Russians rally vs Putin, election fraud

Author: 
VLADIMIR ISACHENKOV | AP
Publication Date: 
Sat, 2011-12-10 13:06

The demonstrations come three months before Putin, who was president in 2000-2008 and effectively remained the country’s leader while prime minister, is to seek a third presidential term. The massive outpouring of public anger challenges his image, supported by state-controlled TV channels, as a man backed by the majority of Russians.
That image was undercut by last Sunday’s parliamentary elections, during which his United Party narrowly retained a majority of seats, but lost the unassailable two-thirds majority it had held in the previous parliament. Even that reduced performance was unearned, inflated by massive vote fraud, the opposition says, citing reports by local and international monitors of widespread violations. The reports of vote-rigging and the party’s loss of seats acted as a catalyst for long-simmering discontent of many Russians.
“The falsifications that authorities are doing today have turned the country into a big theater, with clowns like in a circus,” said Alexander Trofimov, one of the demonstrators at Bolotnaya Square, on an island in the Moscow River adjacent to the Kremlin.
Protests took place in more than 50 other cities from the Pacific Coast to the southwest, including a large demonstration estimated by police at 7,000 people in St. Petersburg.
Less than 100 demonstrators were reported arrested nationwide, far fewer than the hundreds taken into custody at smaller protests in the first days after the Dec. 4 national election. Police, who normally crack down fast and hard on any unauthorized gathering, even allowed a few hundred leftist radicals to conduct an unsanctioned protest on Moscow’s Revolution Square just outside the Red Square.
In the Pacific city of Vladivostok, several hundred protesters rallied along a waterside avenue where some of Russia’s Pacific Fleet warships are docked. They shouted “Putin’s a louse” and some held a banner caricaturing United Russia’s emblem, reading “The rats must go.”
The Moscow rally, which lasted about three hours, was so sprawling that unbiased crowd estimates were difficult to make. Police put the attendance at 25,000; organizers claimed up to 150,000.
Whatever the precise number, it was a show of dismay that gave pause to the ruling elite. State-controlled TV channels that usually ignore or deride the opposition gave notable airtime to the protests. A top United Russia official, Andrei Isayev, acknowledged late Saturday that “expression of this point of view is extremely important and will be heard in the mass media, society and the state.”
Officials in many cities, including Moscow, gave permission for the protests. But in what appeared to be an attempt to prevent young people from attending the protest, Moscow’s school system declared Saturday afternoon a mandatory extra school day for grades 9 to 11. Students were told about the decision only on Friday, news reports said.

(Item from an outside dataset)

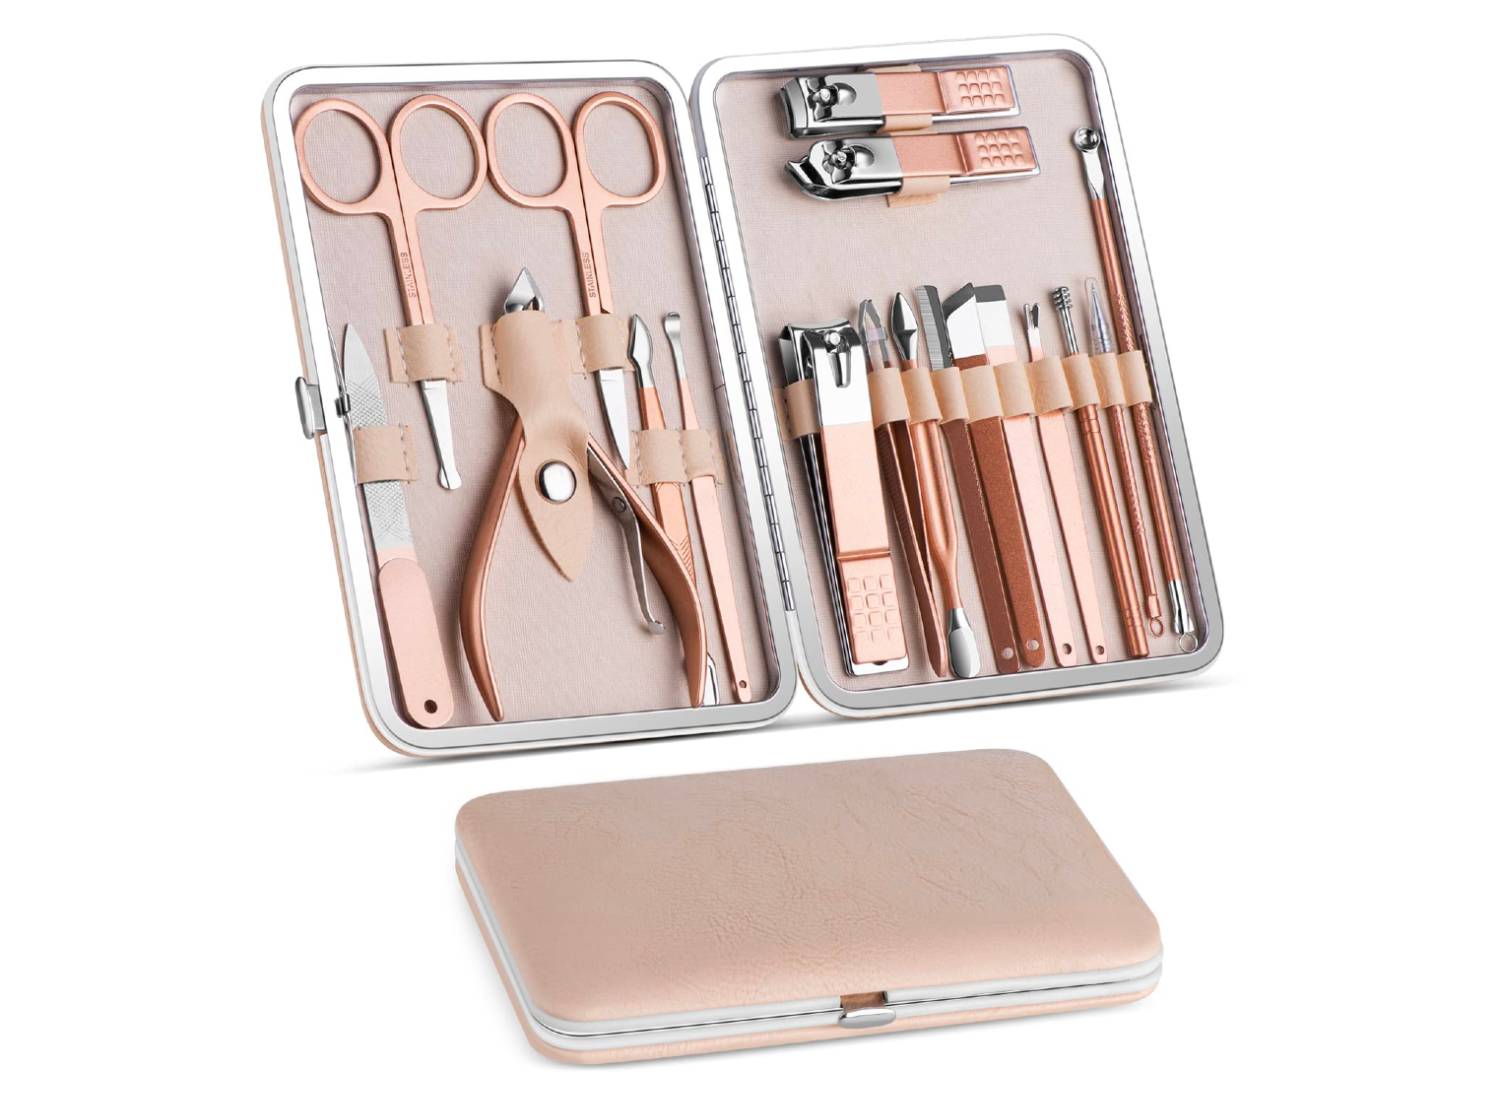 Rose gold Vabogu manicure set with 18 different tools in a carrying kit
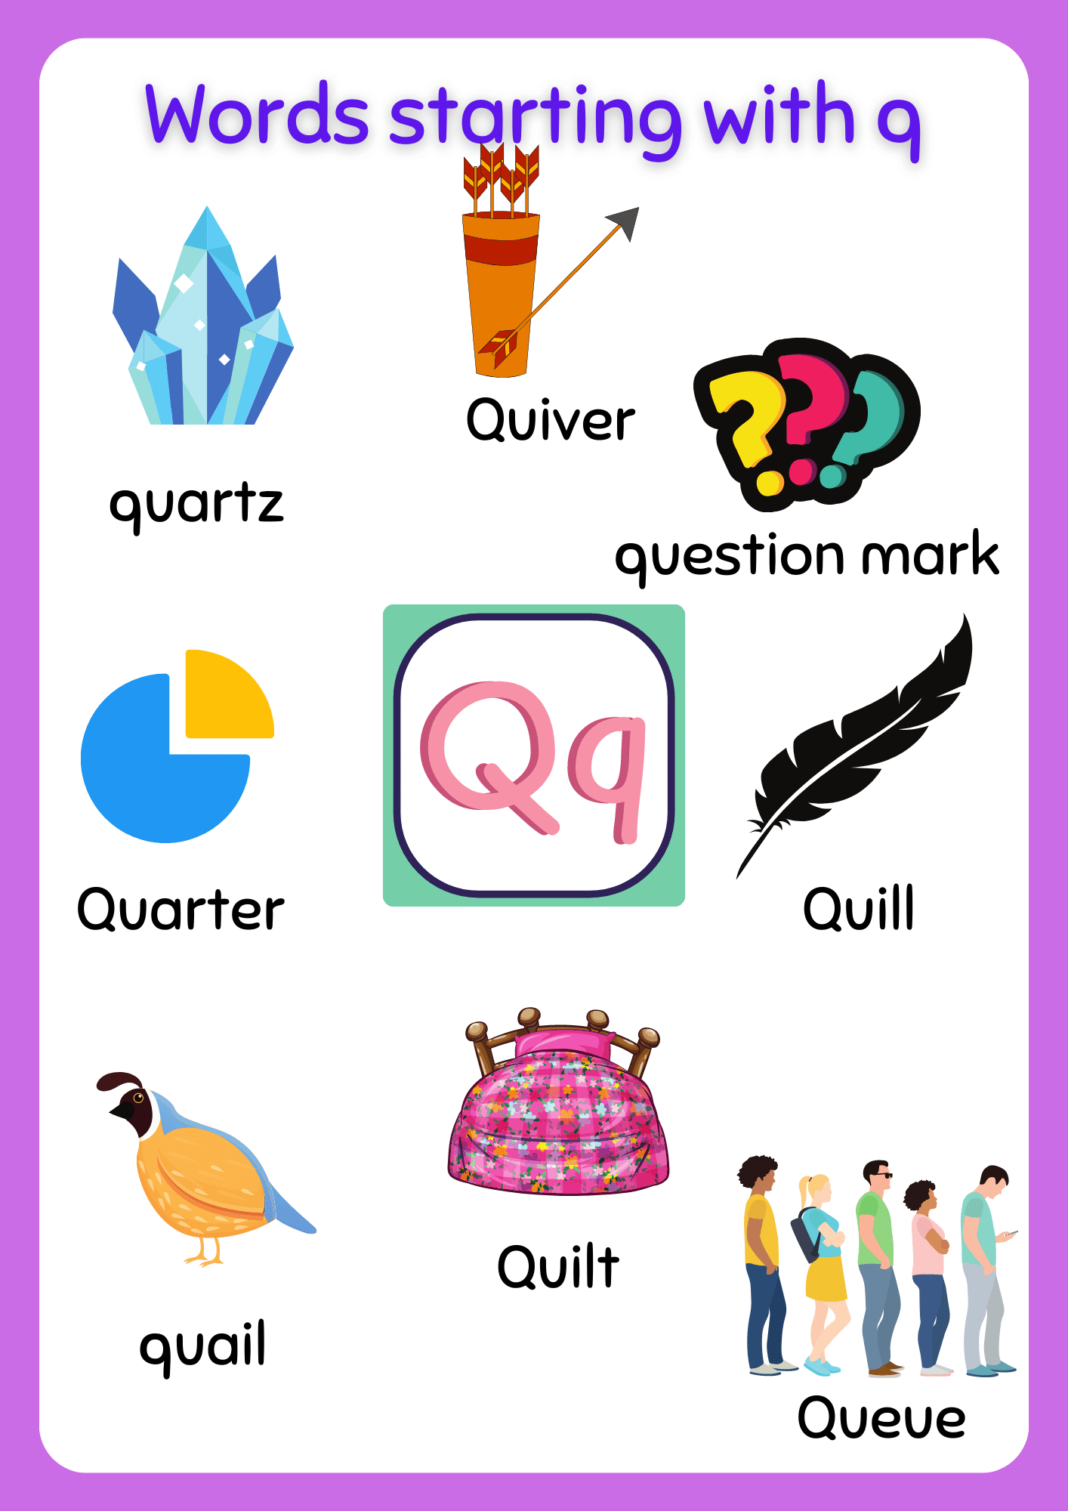 words-starting-with-qee-mystery-of-letters this blog is very potential and edifying about words starting with qee.

Hundreds of people were arrested in smaller protests earlier in the week. Some, including prominent opposition blogger Alexei Navalny, were sentenced to 15 days in jail. Another prominent opposition figure, Sergei Udaltsov, was hospitalized after his Monday arrest and was expected to be released Saturday, but the Interfax news agency said he was taken from the hospital to a court to face further charges.
Russian President Dmitry Medvedev conceded this week that election law may have been violated, and Putin suggested “dialogue with the opposition-minded” — breaking from his usual authoritarian image. The Kremlin has come under strong international pressure, with US Secretary of State Hillary Clinton calling the vote unfair and urging an investigation into fraud. Putin in turn criticized Clinton and the United States for allegedly instigating protests and trying to undermine Russia.
If Saturday’s protests are a success, the activists then face the challenge of long-term strategy. Even though US Sen. John McCain recently tweeted to Putin that “the Arab Spring is coming to a neighborhood near you,” things in Russia are not that simple.
The popular uprisings that brought down governments in Georgia in 2003, in Ukraine the next year, and in Egypt last spring all were significantly boosted by demonstrators being able to establish round-the-clock presences, notably in Cairo’s Tahrir Square and the massive tent camp on Kiev’s main avenue. Russian police would hardly tolerate anything similar.
Opposition figures indicated Friday that the next step would be to call another protest in Moscow for next weekend and make it even bigger. But staged events at regular intervals may be less effective than daily spontaneous protests.
Russia’s opposition also is vulnerable to attacks on the websites and social media that have nourished the protests. This week, an official of Vkontakte, a Russian version of Facebook, reported pressure from the FSB, the KGB’s main successor, to block access to opposition groups, but said his company refused.
On election day, the websites of a main independent radio station and the country’s only independent election-monitoring group fell victim to denial-of-service hacker attacks.